The An Hoa base was located approximately 28 km west of Hội An and 4 km west-northwest of the Mỹ Sơn temple complex, near to the Tinh Yen River and the An Hoa industrial complex. The base was first used by the Marines in January 1966 during Operation Mallard when the 1st Battalion, 12th Marines established a firebase there while the 1st Battalion, 3rd Marines, and a Company from the 2nd Battalion, 9th Marines swept the surrounding area. The 5th Marine Regiment of the 1st Marine Division Settled their headquarters in the An Hoa Combat Base. The runway was extended over the years in order to handle larger cargo aircraft.
An Hoa was known as the “Home Base” for most of us in Hotel 2/5 over all the years in Vietnam. It was also sometimes known as the “REAR”. It was a place where we crashed and slept for a night or two before going back out into the Arizona Territory. For many of us in the later years, this was the location we first arrived at when we got assigned to Hotel 2/5.
An Hoa Combat Base was known for these reasons.
- It was a place where the battalion of troops came together.
- It was a base with a runway for cargo planes and helicopters to come and go always bringing troops, supplies, and ammunition.
- It was a base with lots of firepower with the 75mm howitzers and 60/80 mortars.
- The airfield was capable of handling C-7, C-123, and C-130 aircraft.
- Marine PFC Dan Bullock, the youngest American serviceman killed in action in the Vietnam War died at An Hoa on 7 June 1969.
- The 2nd Battalion, 5th Marines handed over the base to the ARVN 1st Battalion, 51st Regiment on 15 October 1970.
It was our base camp where you came when your company needed a few days to rest or if you were slightly hurt or injured, or needed to see a medic or a dentist.
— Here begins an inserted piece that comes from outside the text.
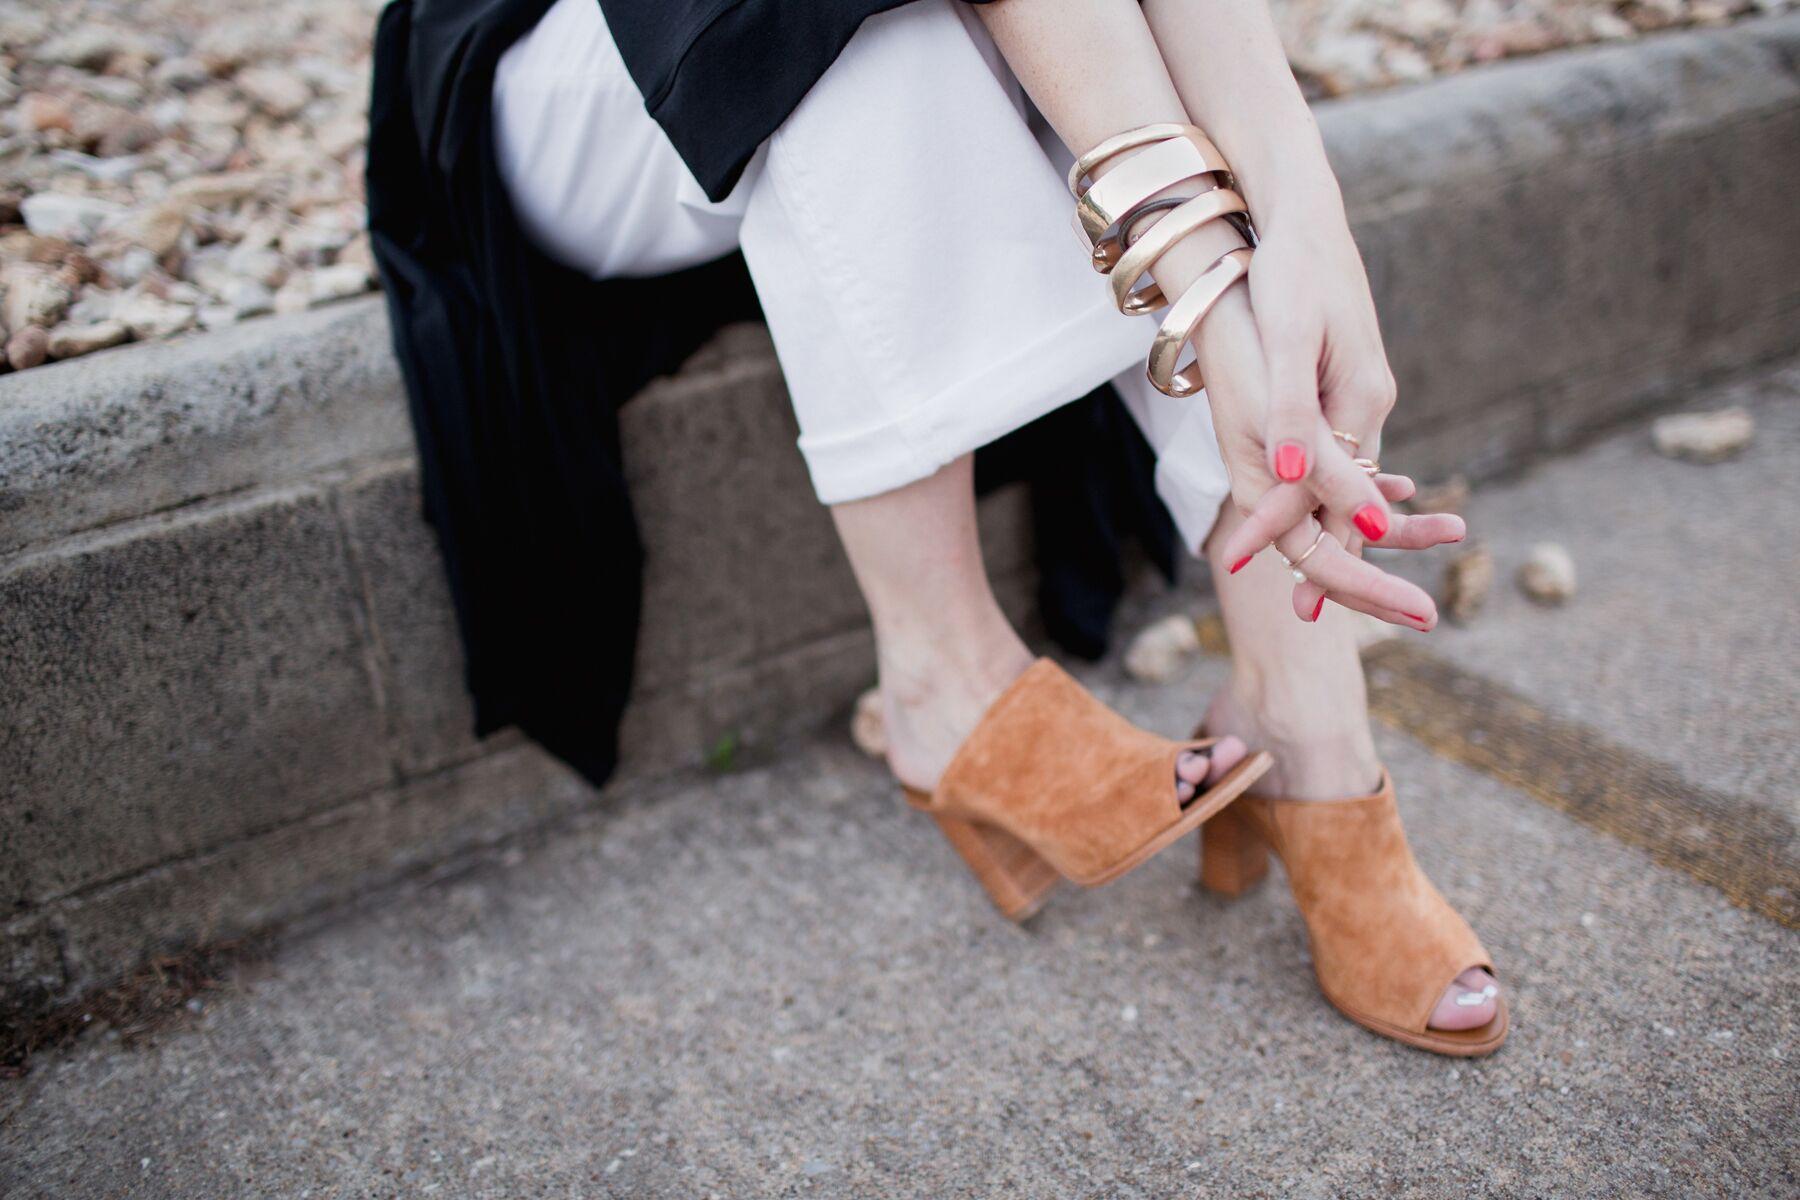 eldridge_edit_anna_e_cottrell_fashion_blogger_black_and_white_shop_lola_boutique_mgb_photo_mother_white_jean_b_low_the_belt_dita_freebird_sunglasses_joie_cognac_mules_vintage_bracelets_5.JPG

We were usually served hot meals here in the local mess hall.
Prior to 1966:
An Hoa was once a French outpost that had a landing strip and some old French buildings and was situated 25 miles south-southwest of Da Nang in the Duc Duc district of Quang Nam Province. The French had come to the An Hoa Basin to extract coal from its southwestern edge at Nong Son. Iron ore and clay were also ripe for exploitation.
In 1962 Diem set up a strategic hamlet at An Hoa, Quang Nam Province, Vietnam to work alongside the planned industrial complex which would house a chemical fertilizers plant, a water purification plant, and a hydroelectric project. By 1964 the factory equipment was either sitting in storage in Saigon or was awaiting shipment to the Republic of South Vietnam. The project director and engineer was the French-trained Le Thuc Can. He’d chosen the site for the complex and some construction had already begun.
In late 1964 the Viet Cong blew up the bridge at Phú Lac (6) along with the iron railway Bridge on Go Noi Island. An Hoa was now isolated from the main transport routes. This setback did not stop Can and he had the runway at An Hoa extended from 1,500 feet to 3,000 feet so it could take large transport planes. The ARVN 51st Regiment was sent to protect the An Hoa project.